- Location: Tokyo, Japan

Highlights
- Most gold medals: China (96)
- Most total medals: China (207)
- Medalling NPCs: 86

= 2020 Summer Paralympics medal table =

List of medals won by Paralympic delegations

Visualisation of the number of gold medals won, in each discipline, by the top 10 ranked countries at the Tokyo Paralympics

The medal table of the 2020 Summer Paralympics ranks the participating National Paralympic Committees (NPCs) by the number of gold medals that are won by their athletes during the competition. The 2020 Paralympics were the sixteenth Games to be held, a quadrennial competition open to athletes with physical and intellectual disabilities. The games were held in Tokyo, Japan from 24 August to 5 September 2021. There were 539 medal events.
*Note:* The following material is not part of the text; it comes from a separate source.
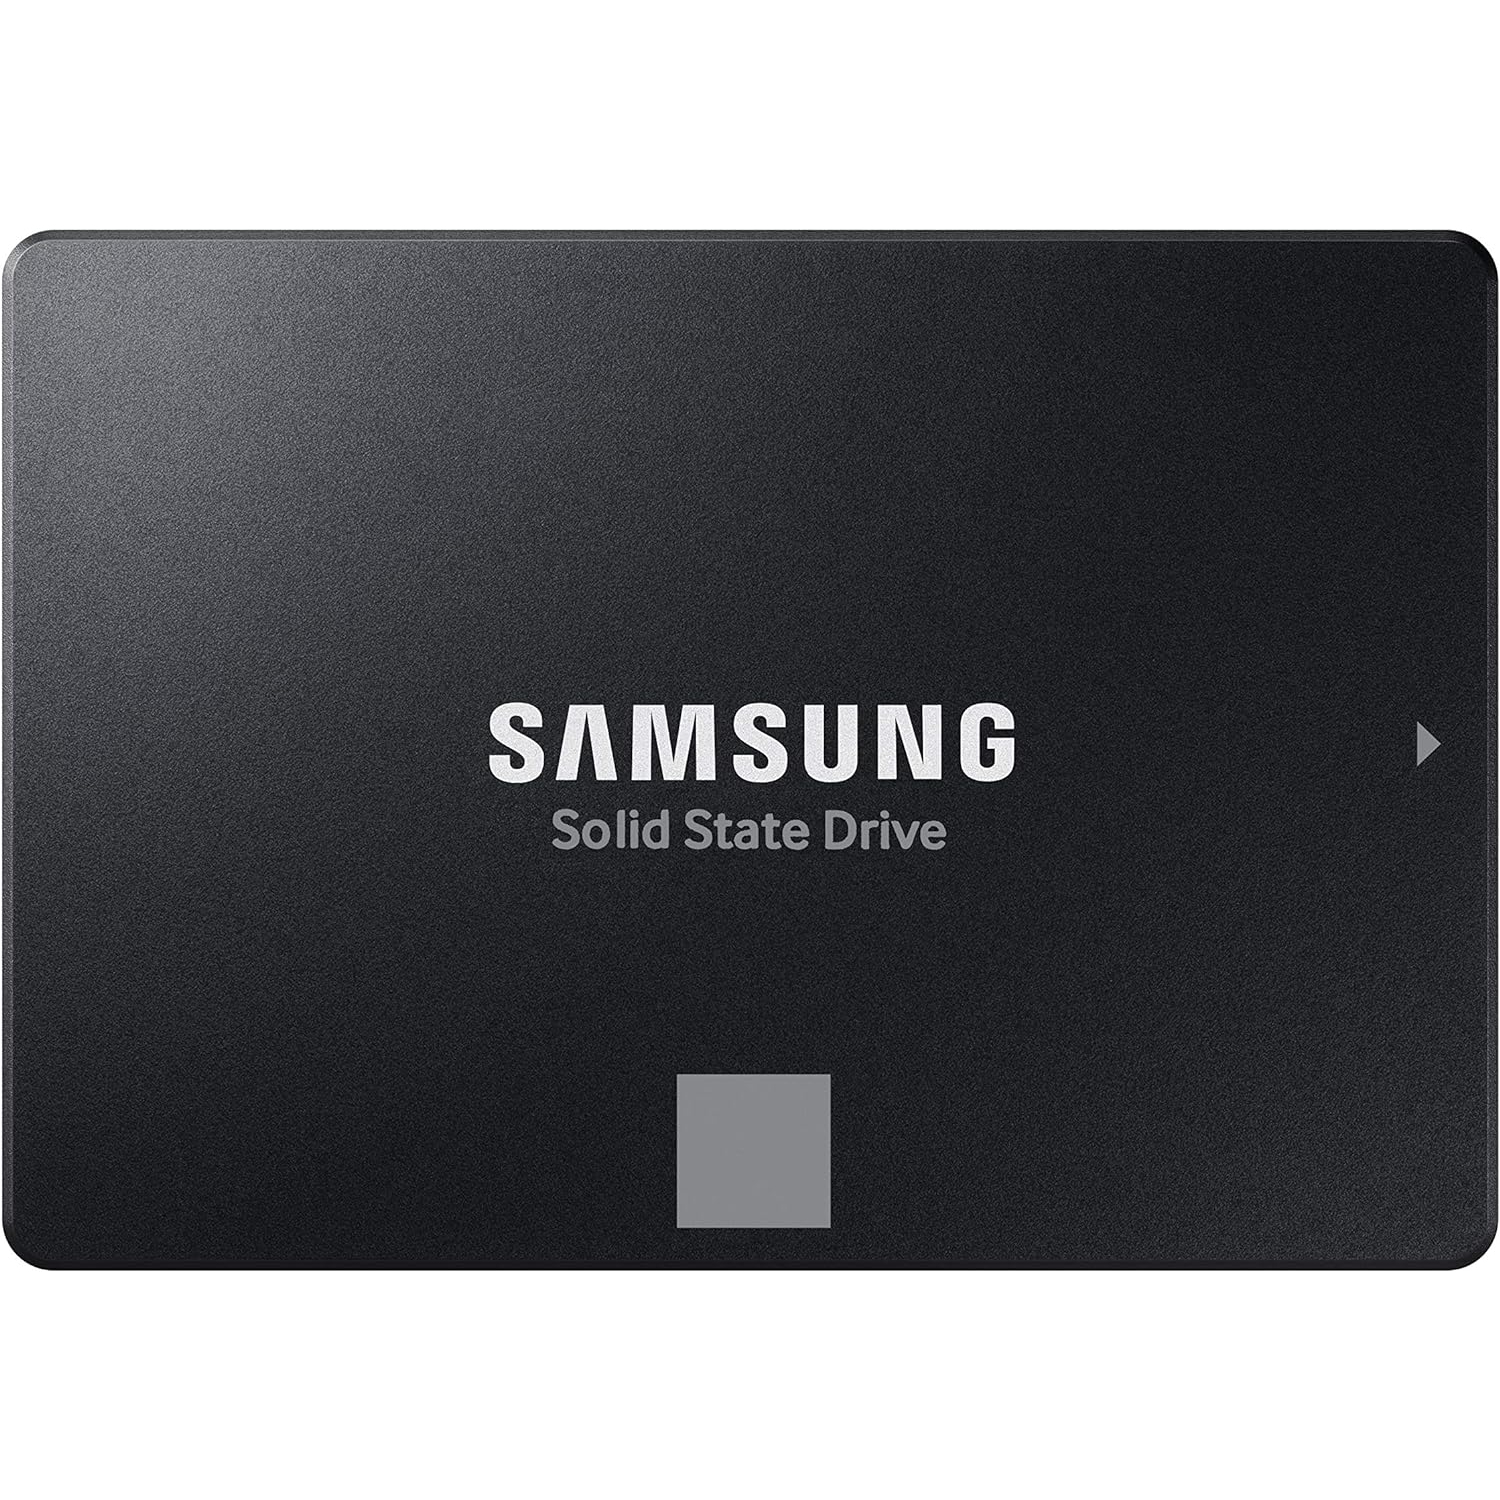 Refurbished ( Good ) Samsung 870 EVO-Series - 1TB SSD 2.5" - SATA III Internal Solid State Drive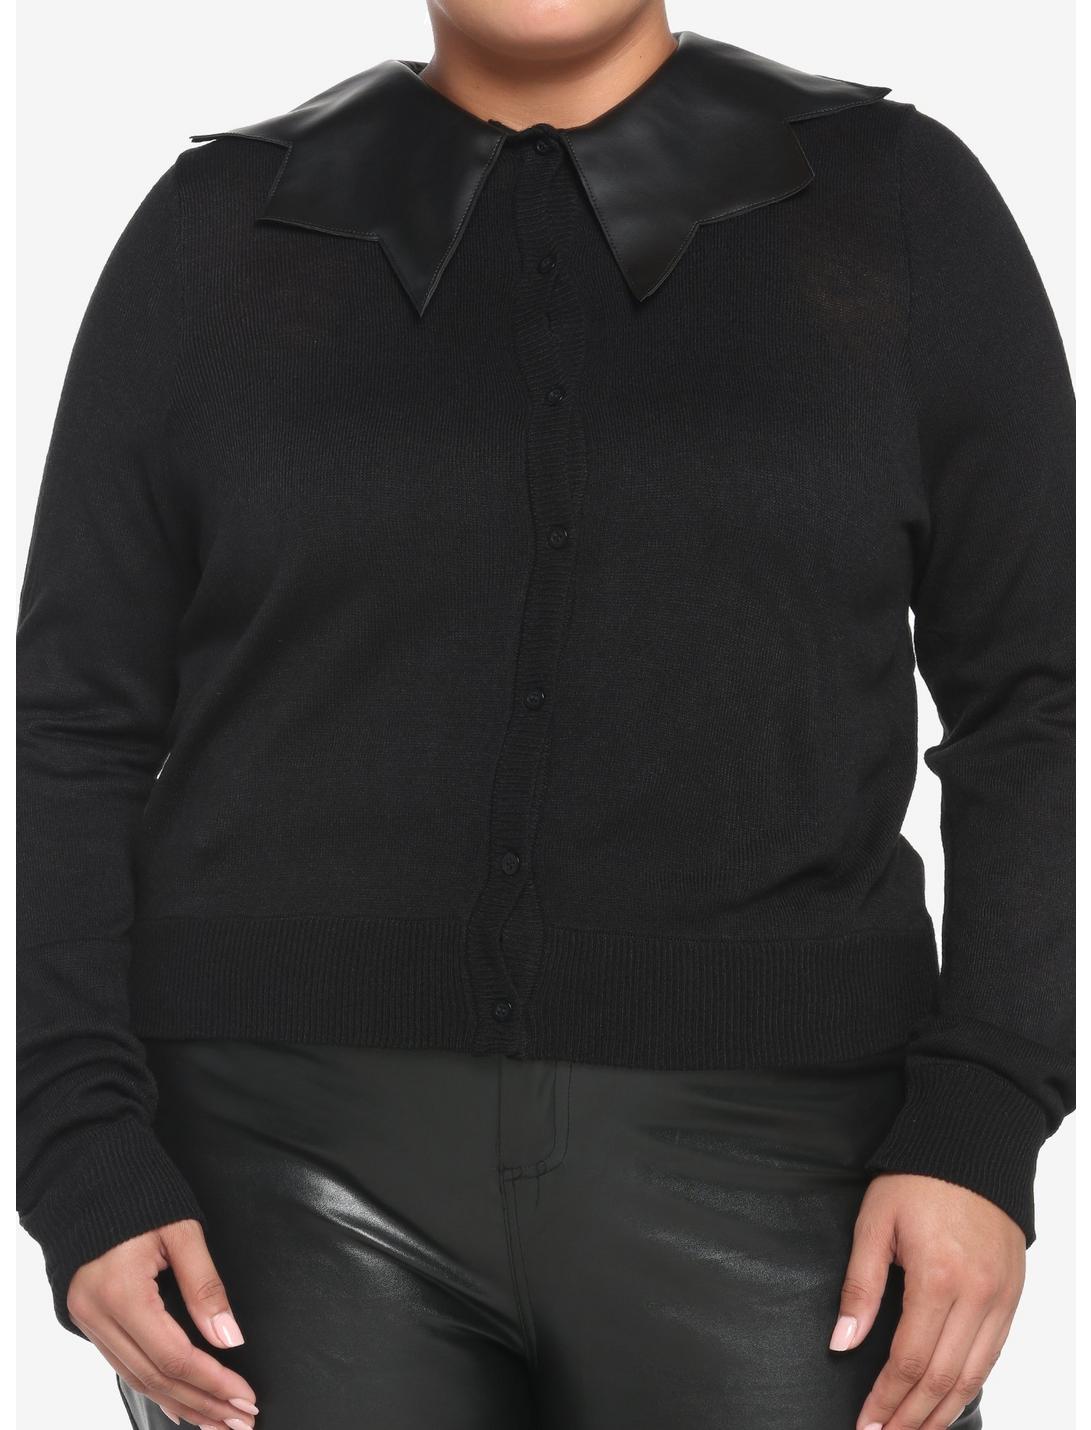 Black Bat Wing Collar Girls Cardigan Plus Size, BLACK, hi-res

Athletes from Costa Rica, Ecuador, El Salvador, Montenegro, and Oman won their first Paralympic medals. El Salvador and Oman had never won an Olympic medal. Costa Rica, Ecuador, Ethiopia, Pakistan, and Sri Lanka won their first Paralympic gold medals.

==Medal table==
Judo, table tennis and taekwondo award two bronze medals per discipline - the table tennis to losing semi-finalists, a first since the 1996 Summer Paralympics and the two combat sports by a repechage system whereby defeated athletes up to the semi-final stage rejoin competition for a bronze medal.

Two silver medals were awarded for a second-place tie in the men's high jump T47 athletics event. No bronze medal was awarded as a result.

Two bronze medals were awarded for a third-place tie in the men's 100 metres T64 athletics event.

Two bronze medals were awarded for a third-place tie in the women's 100 metre freestyle S7 swimming event.

Due to the disqualification of two participants, a bronze medal was not awarded in the women's 100 metres T11 athletics event.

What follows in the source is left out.